今日もやっぱり絶賛原稿中の我鳥でございますが、皆様いかがお過ごしでしょうか。

本日は11月22日、『いい夫婦の日』ということで!
ちょっくらネタが浮かんだので、ときめきミニ小説を書いてみました。
花蓮&陛下、鳴鳴&理央のお話です。
よろしければ読んでみてくださいませ~!happy01

 

 

 

shine ときめきは熱いささやきに浮かされて! shine

 

 ここは麗鋒国の京師、景遥。
 都の北に位置する宮城の一角、龍尾宮――いわゆる後宮には、皇帝陛下の寵愛篤い妃・淑花蓮が、今日もご機嫌にむふむふのほほんと暮らしている。
「おお、花蓮! 今日もぷりぷりに血色が良くて何よりだな。その桃色の頬を見ると、頬ずりしたくてたまらなくなるぞ」
 黙って立っていれば超一級品のヴィジュアルを誇る煌星皇帝・鋒天綸が、今日もご機嫌に後宮へ渡ってきて、にやけ顔で花蓮の頬に手を伸ばす。が、花蓮は顔をしかめて天綸の手を払った。
「陛下――。顔を出すなり開口一番、変態発言をかますのはやめてもらえますか」
「誰が変態だ! 寵妃の愛らしい顔を見て、愛でたくならない男がいるというなら、ここへ連れて来い! いや、ここは私の後宮だ。
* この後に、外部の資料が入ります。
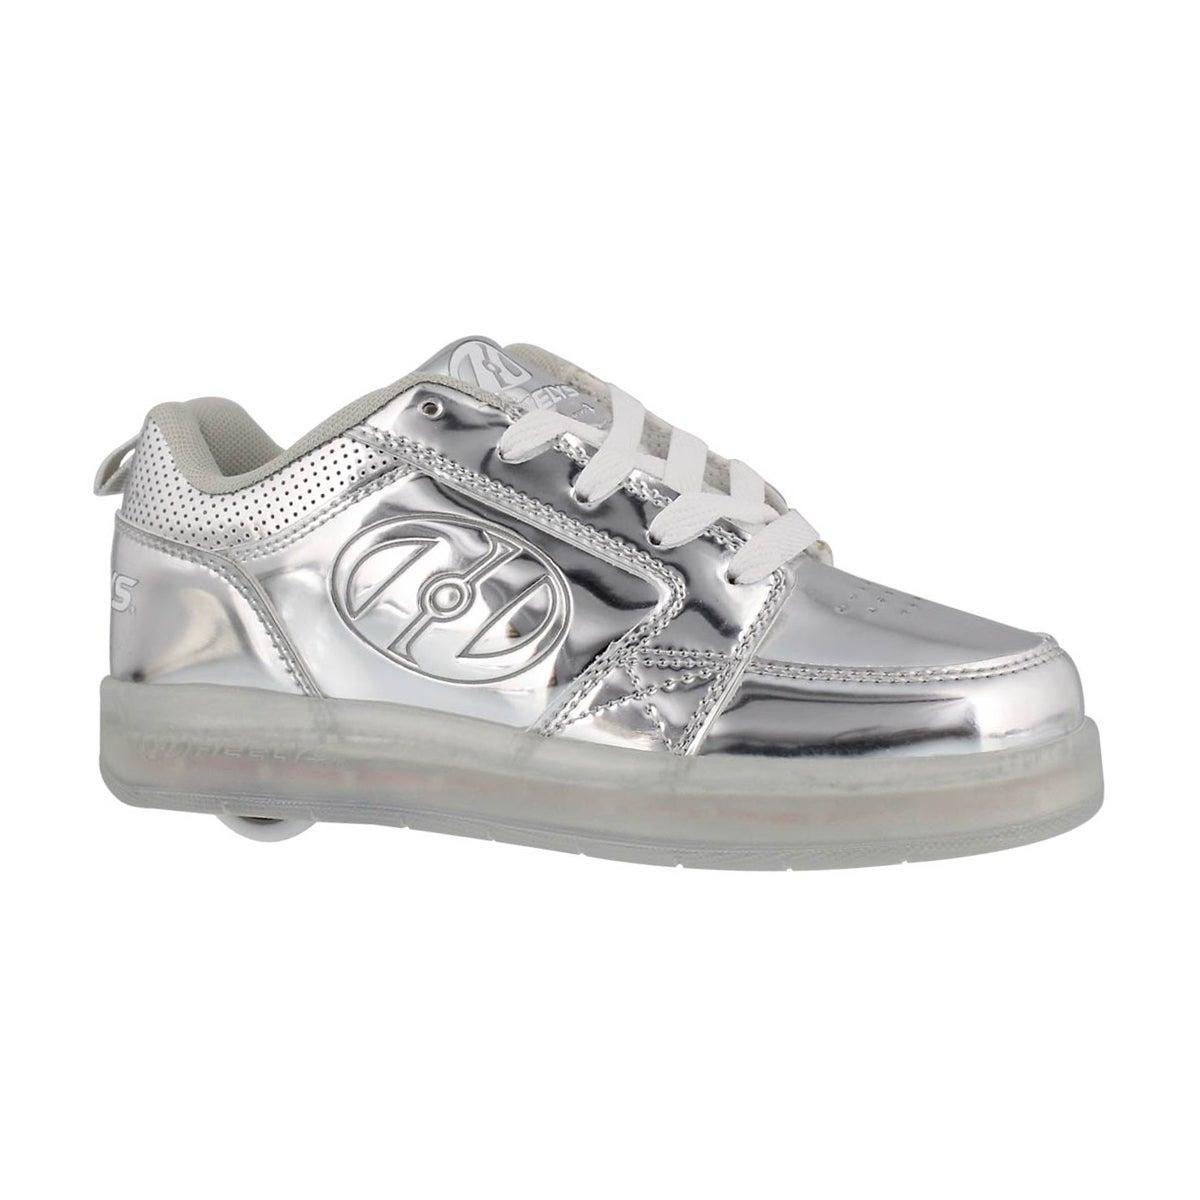 Kids' PREMIUM 1 LO silver light up skate sneakers

私とおまえの愛の巣だからな、どこの馬の骨ともわからぬ男など入れるわけにはゆかぬ。連れてくるなら別の場所だ。そうだ、書を捨て城市へ出よう。デートをしよう」
「何を訳のわからないこと言ってるんですか、もう……」
 ぶつぶつ文句を言いながらも、花蓮は天綸の膝の上に載せられてしまっている。それを見て、鳴鳴は反射的に箒に手を伸ばしそうになったが、
 ――あ、もう必要ないんだった。
 花蓮が先頃、名実共に天綸の『寵妃』になったのだという事実を思い出し、ぴくりと動いた右腕を左手で押さえる。
 お嬢様と陛下は夫婦になったんだから、いちゃいちゃしたっていいのよ。わたしが邪魔しちゃいけないのよ――。
 胸の中でそう自分に言い聞かせながらも、寂しい気持ちになって部屋を出てゆこうとした時――天綸の膝の上で花蓮が大きな声を上げた。
「えっ、宰相様が倒れた!?」
 それを聞き、鳴鳴も驚いて振り返る。
「本当ですか? あ、あの、宰相様、どうなさったんですか」
 口から出た声が、自分でもびっくりするくらいに震えていた。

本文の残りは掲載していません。